◆ **Exercise requirements**
Skip the pictures, and retype the data below in full, exactly.

◆ **The data**
————

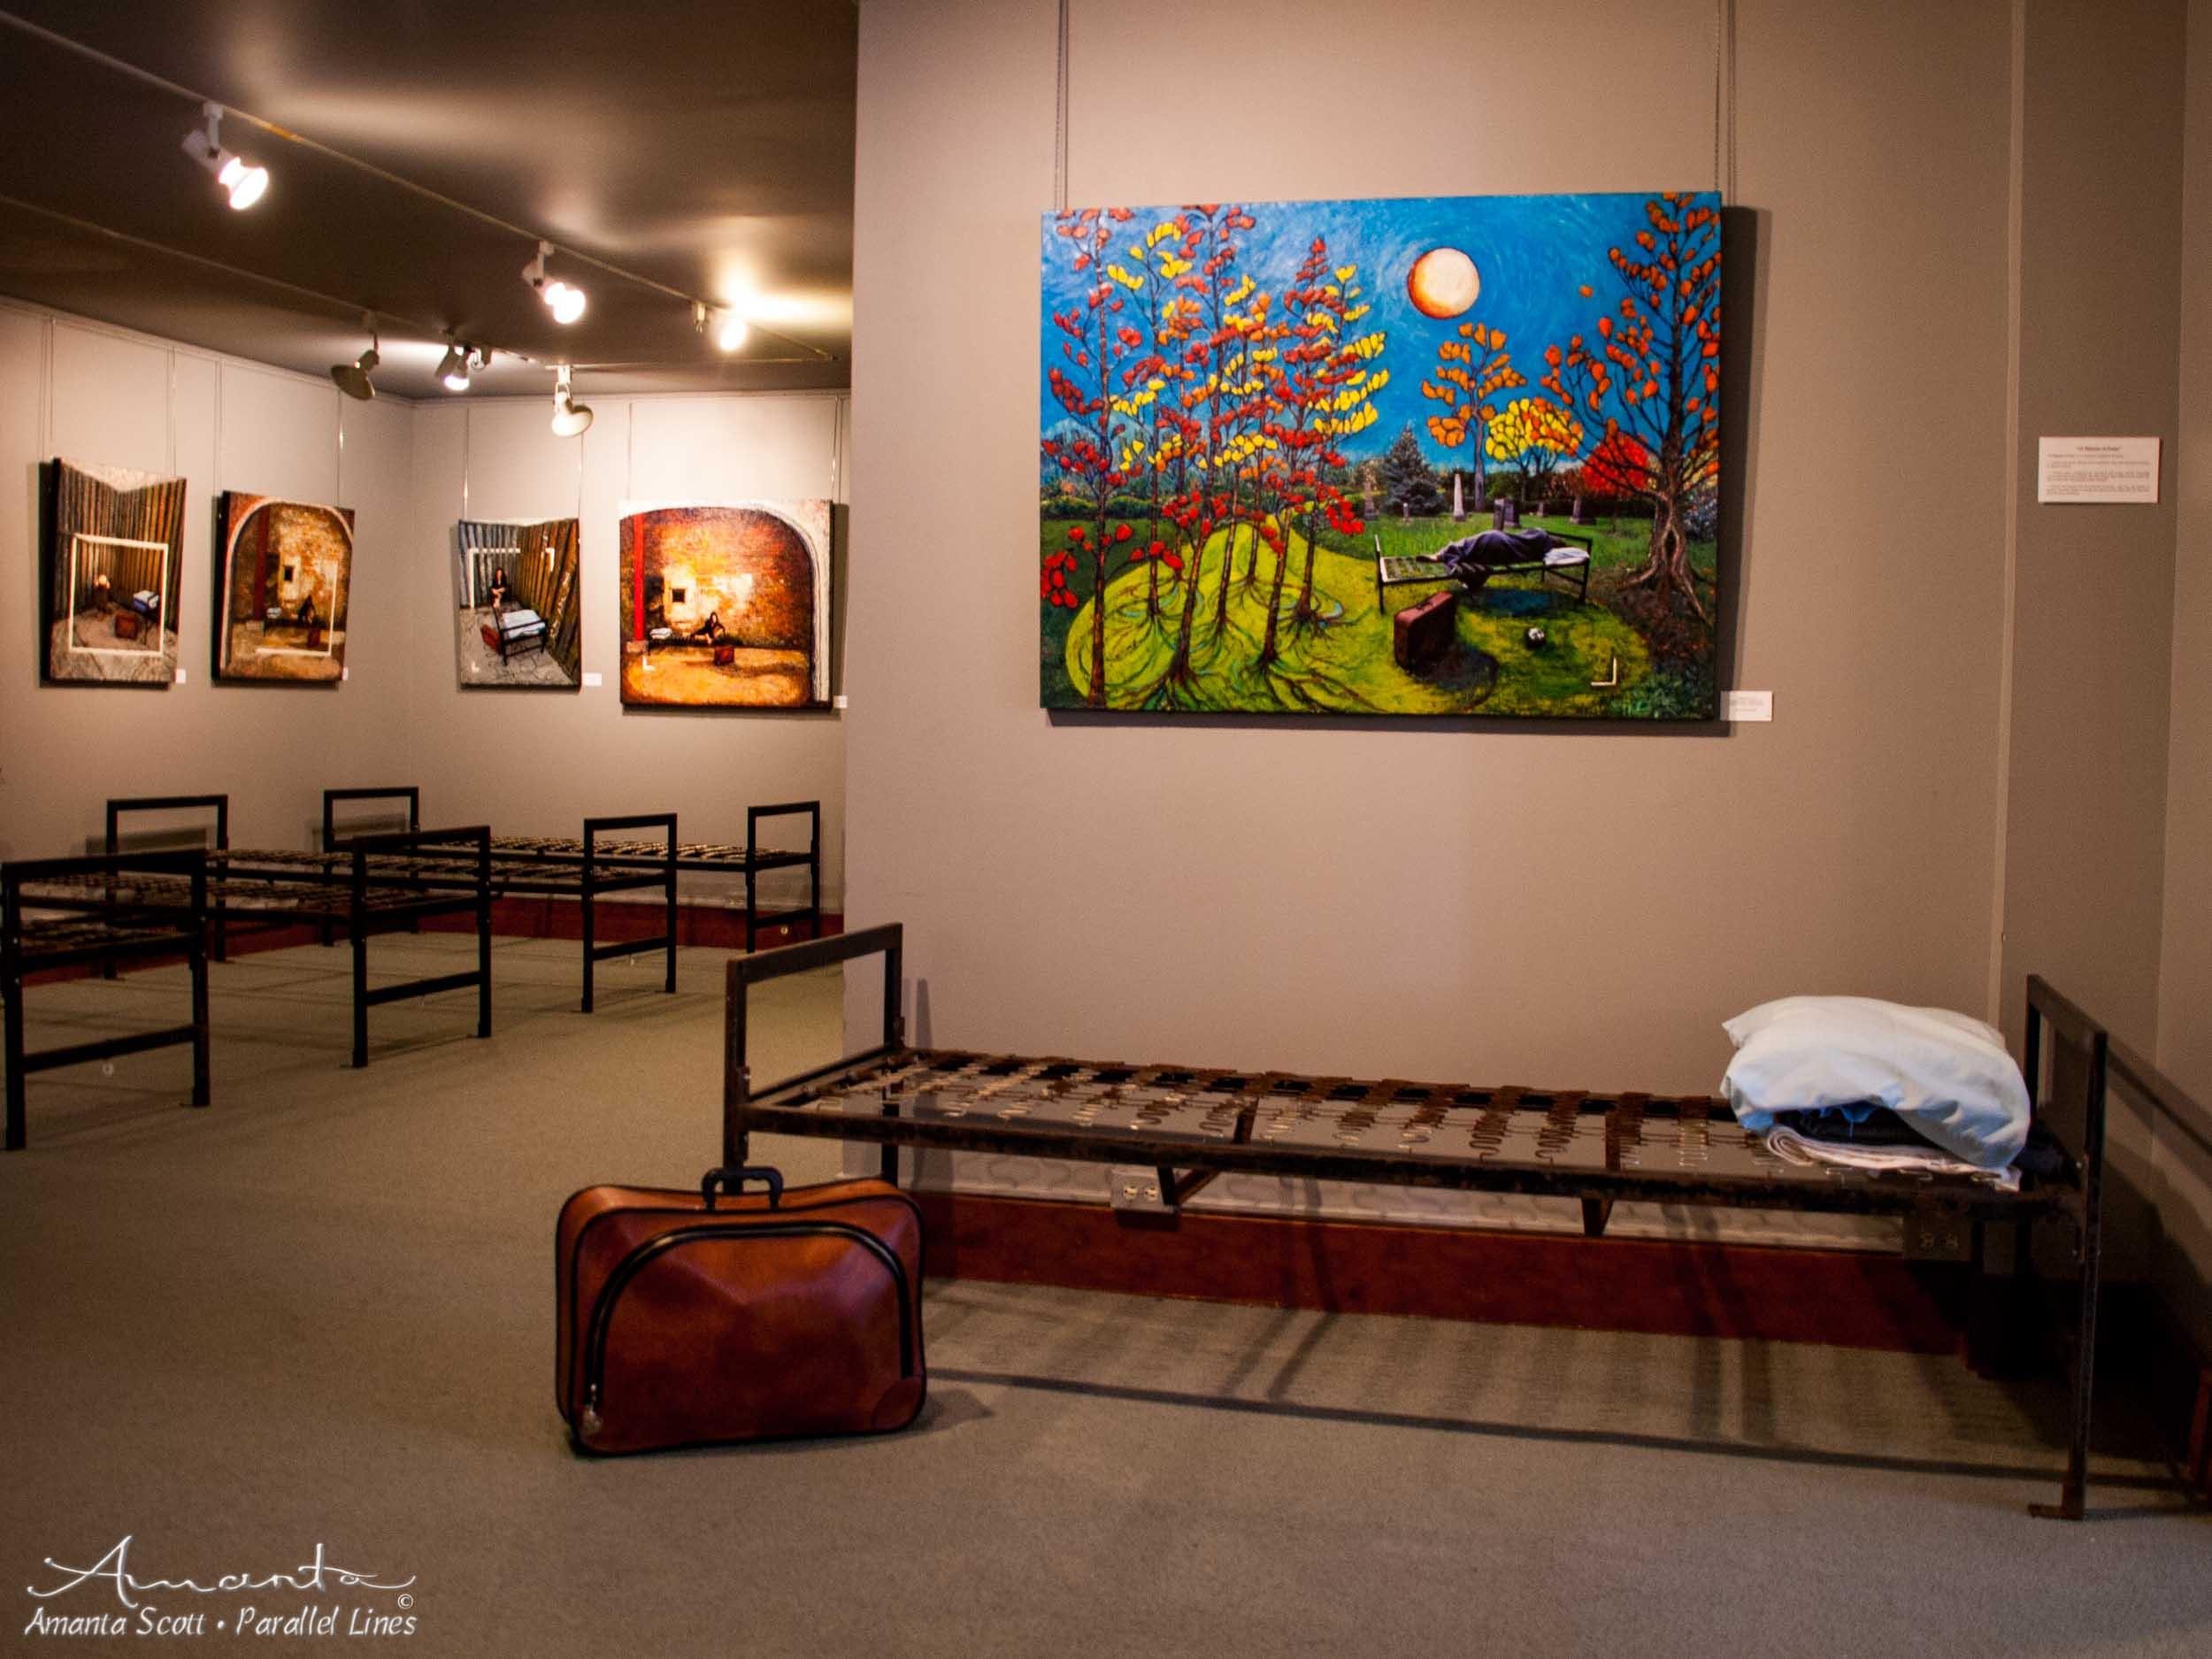 Exhibition-3284152.jpg
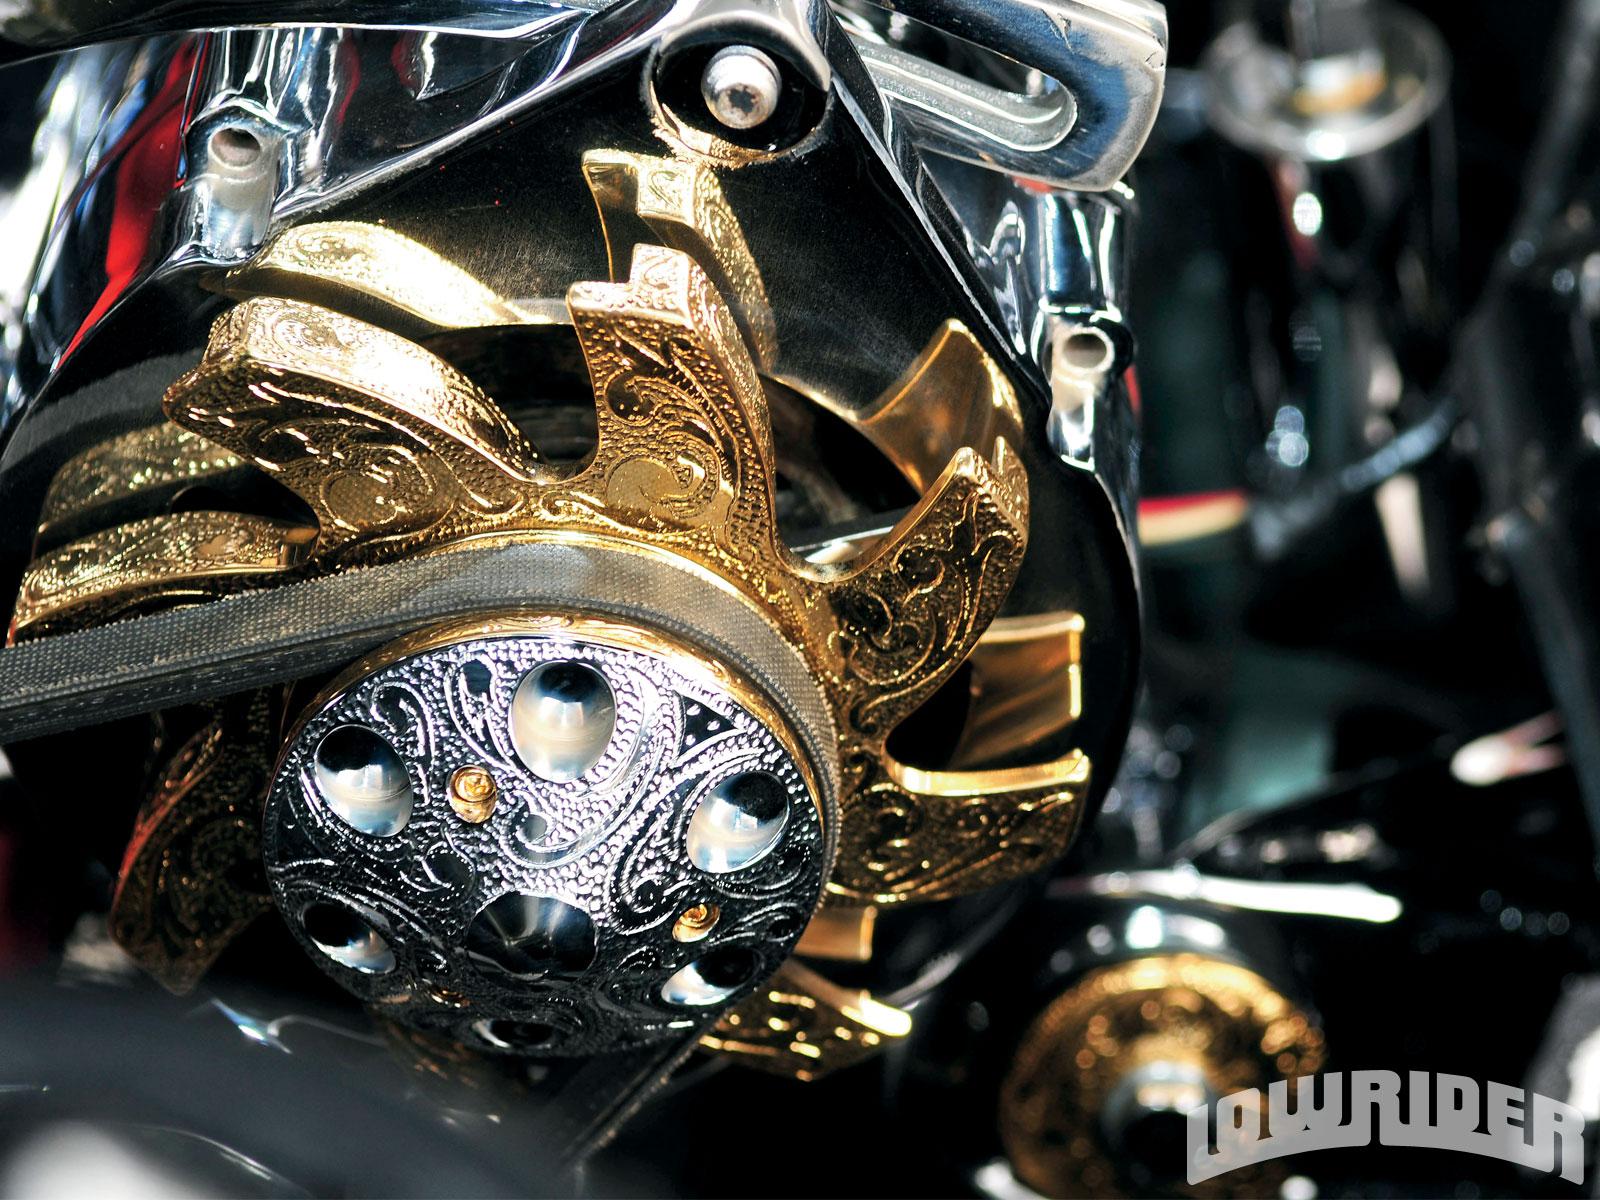 David Renteria Master Engraver Lowrider Magazine
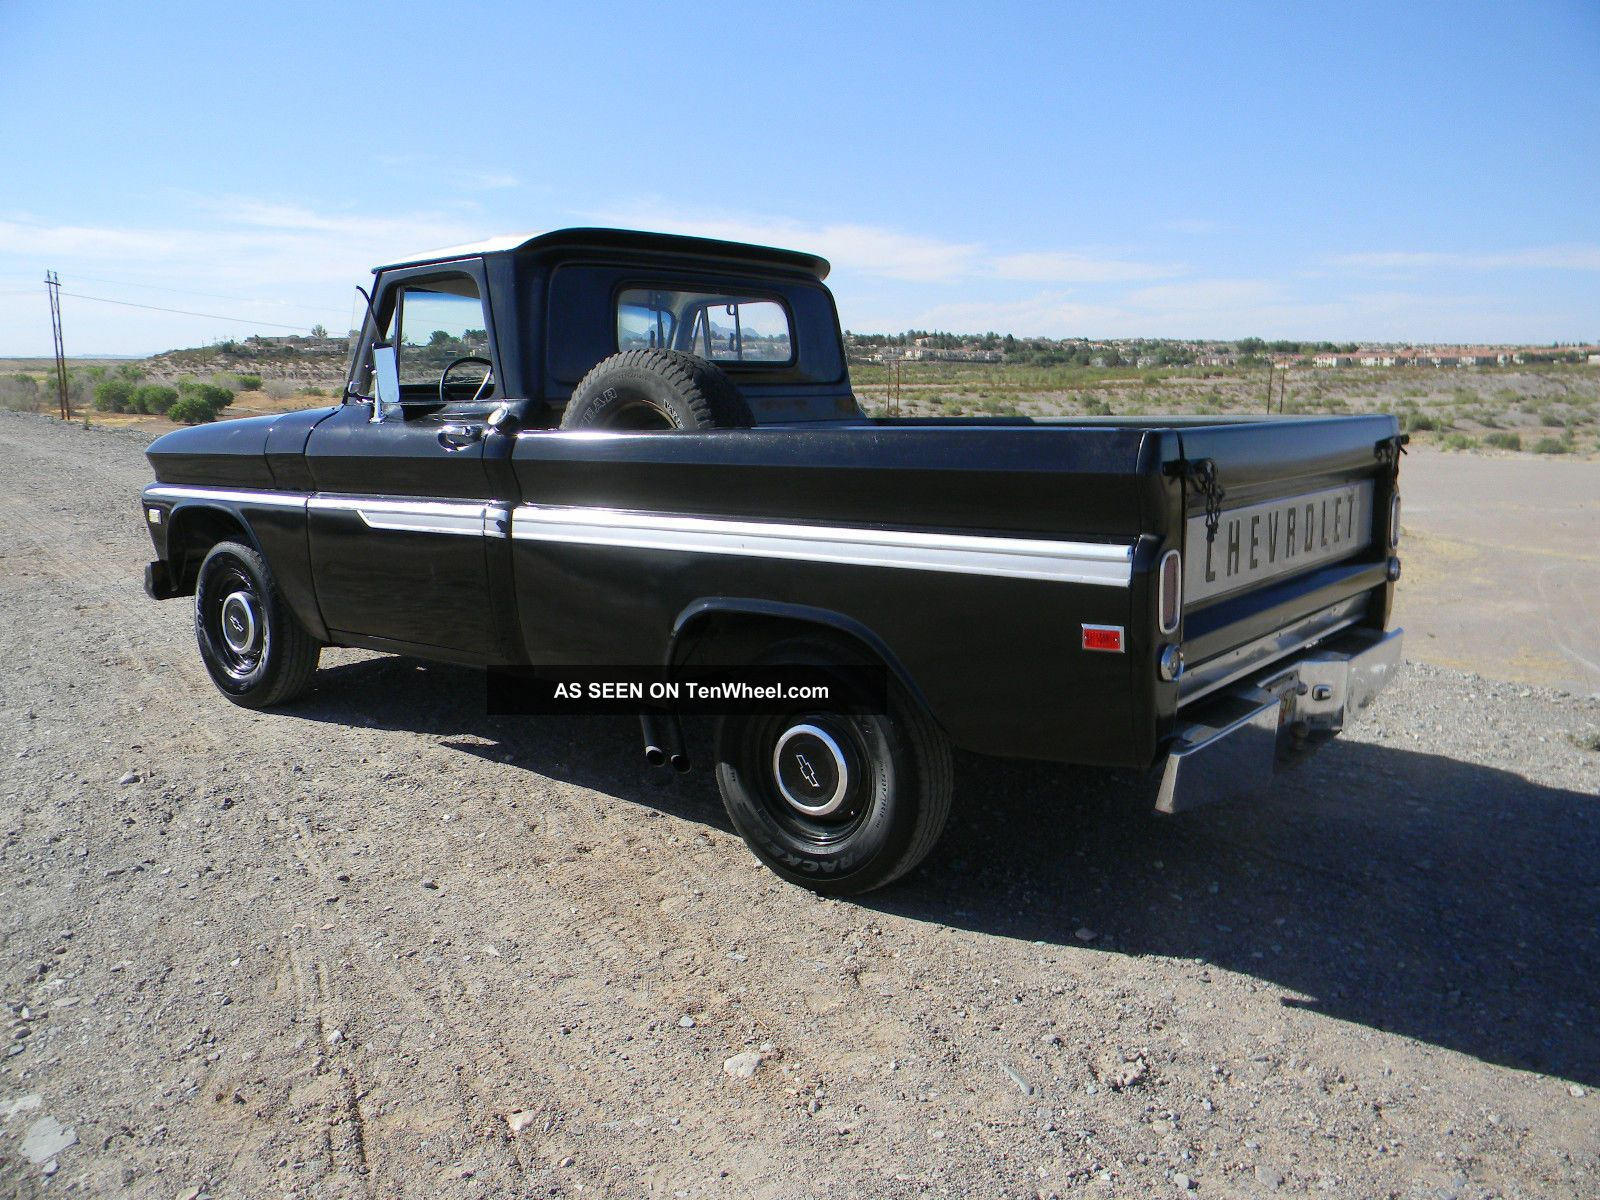 1966 Chevy C10 Truck Short Bed C14 V8 66 65 64 67 Hot Rod Rat Rod Shortbed  C - 10

————

◆ **Result**
 Exhibition-3284152.jpg
 David Renteria Master Engraver Lowrider Magazine
 1966 Chevy C10 Truck Short Bed C14 V8 66 65 64 67 Hot Rod Rat Rod Shortbed  C - 10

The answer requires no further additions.